Living History

20 April 2007



World War I Vet Visits English School

About forty English school kids at Wilnecote High School in Tamworth, Staffordshire, had a special guest visit their class recently. While the break from the usual drudgery that is school when one is 14 was welcome, the occasion is one they will remember for the rest of their lives. Henry Allingham, who at 110 is Britain’s oldest man and a World War I veteran, came by to talk to the class, some of whom may live into the 22nd century.

Mr. Allingham, who was born in Clapham on June 6, 1896, started his war as an Air Mechanic Second Class on September 21, 1915. In May 1916, he was assigned to the HMS Kingfisher, which had a Sopwith Seaplane onboard. As a result of this posting, he is the last survivor of the Battle of Jutland. He also saw service at Ypres and the Somme. Mr. Allingham is the last surviving founding member of the Royal Air Force.

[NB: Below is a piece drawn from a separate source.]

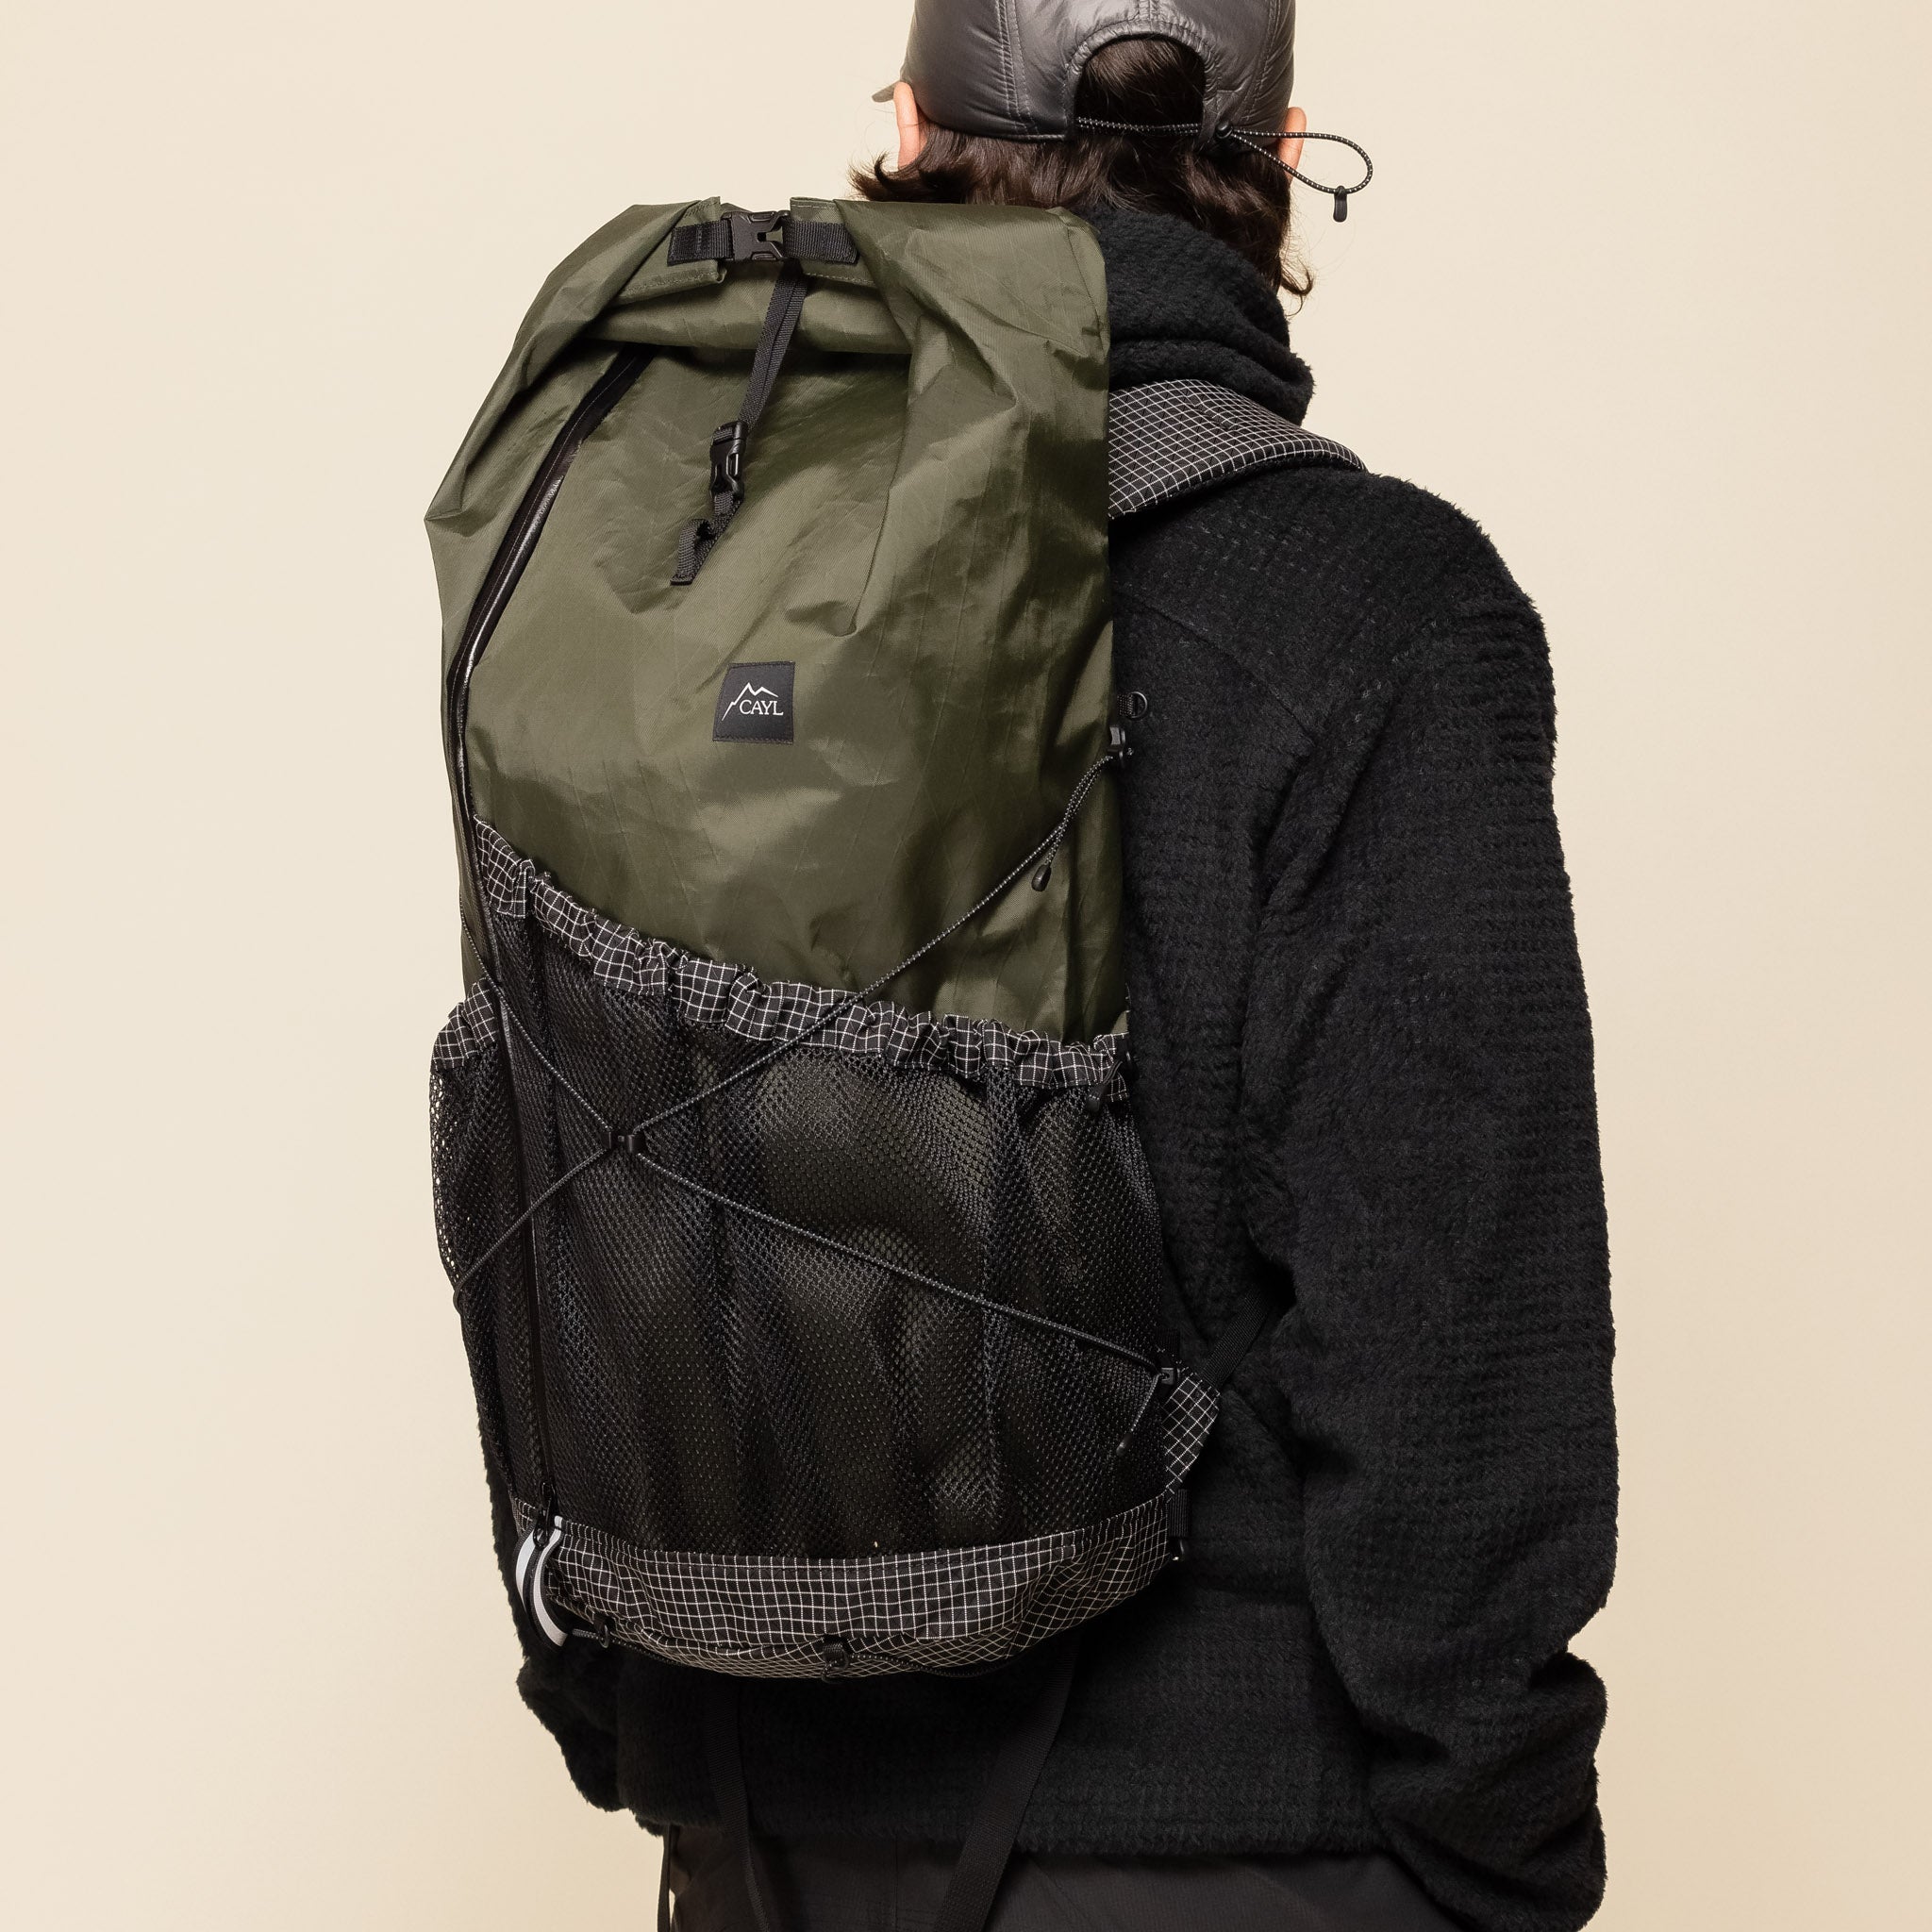 CAYL "Climb As You Love" - Mari Roll Top Backpack - Olive X-Pac "cayl stockists" "cayl backpack" "climb as you love"
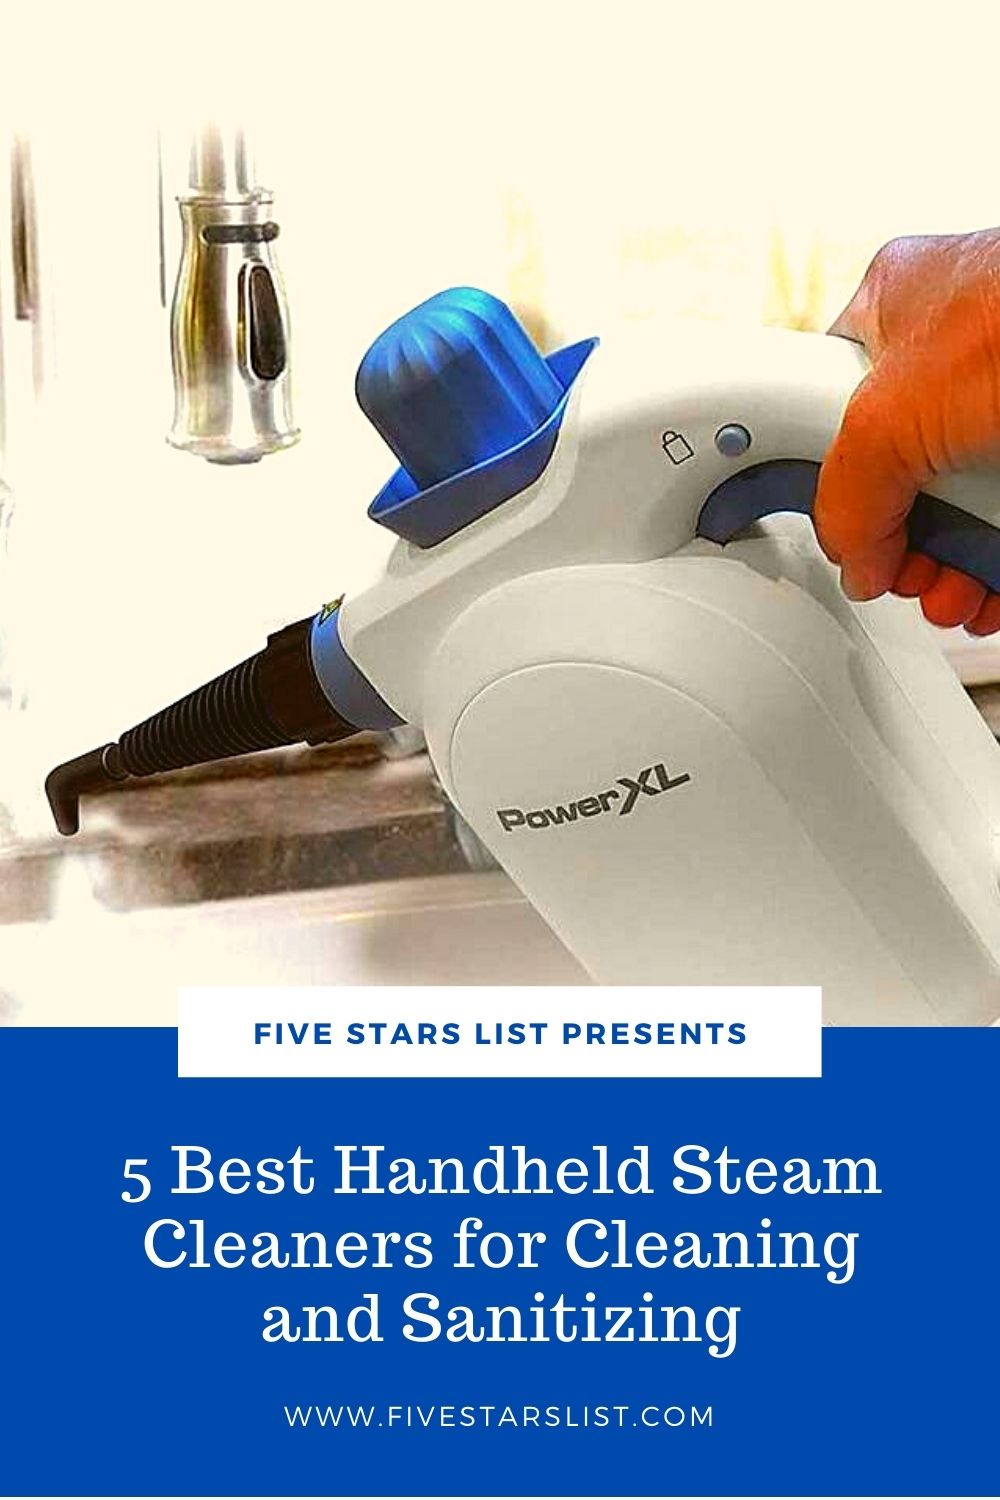 5 Best Handheld Steam Cleaners for Cleaning and Sanitizing

He came to Wilnecote High School after the students there wrote letters to various war veterans asking for details about their service. Mr. Allingham offered to answer their questions in person. One young lady probably got more than she bargained for when she asked him what he remembered most from the Great War. He told her of a rain-filled hole he had fallen into, “Dead rats in that shell hole, human flesh, all rotting, who knows what in there...it was terrible.” He also told the generation of English kids who have always had fresh fruit at the supermarket about two oranges he gave to a couple of German children. “They [the Jaffa oranges] were not gold-dust then,” he said. “They were platinum dust.”

Mr. Allingham, though, didn’t get to be 110 without a sense of humor. When asked what the worst war was, he told his young friend, “The one I had!” And “How would you like to be remembered?” prompted him to reply, “I couldn’t care less.” He also has no small admiration for the self-confidence exhibited by the kids of Britain, “Much different from my day when children were to be seen and not heard.”

Faye Chadwick, one of Mr. Allingham’s new mates, told the BBC after this visit, “Textbooks are good but they aren’t necessarily reliable whereas Henry’s accounts are accurate as he has been there and actually seen it all happen.” Her fellow student Thomas Wooding agreed, “The books don’t tell you what it was really like but this is somebody who has been in battle themselves.”

It is said that history repeats itself and historians repeat one another. That tends to bore the bejesus out of the young. When the link is made, though, to living human beings to whom the past events happened, they take on a different view. Mr. Allingham has rendered Queen and Country yet another service.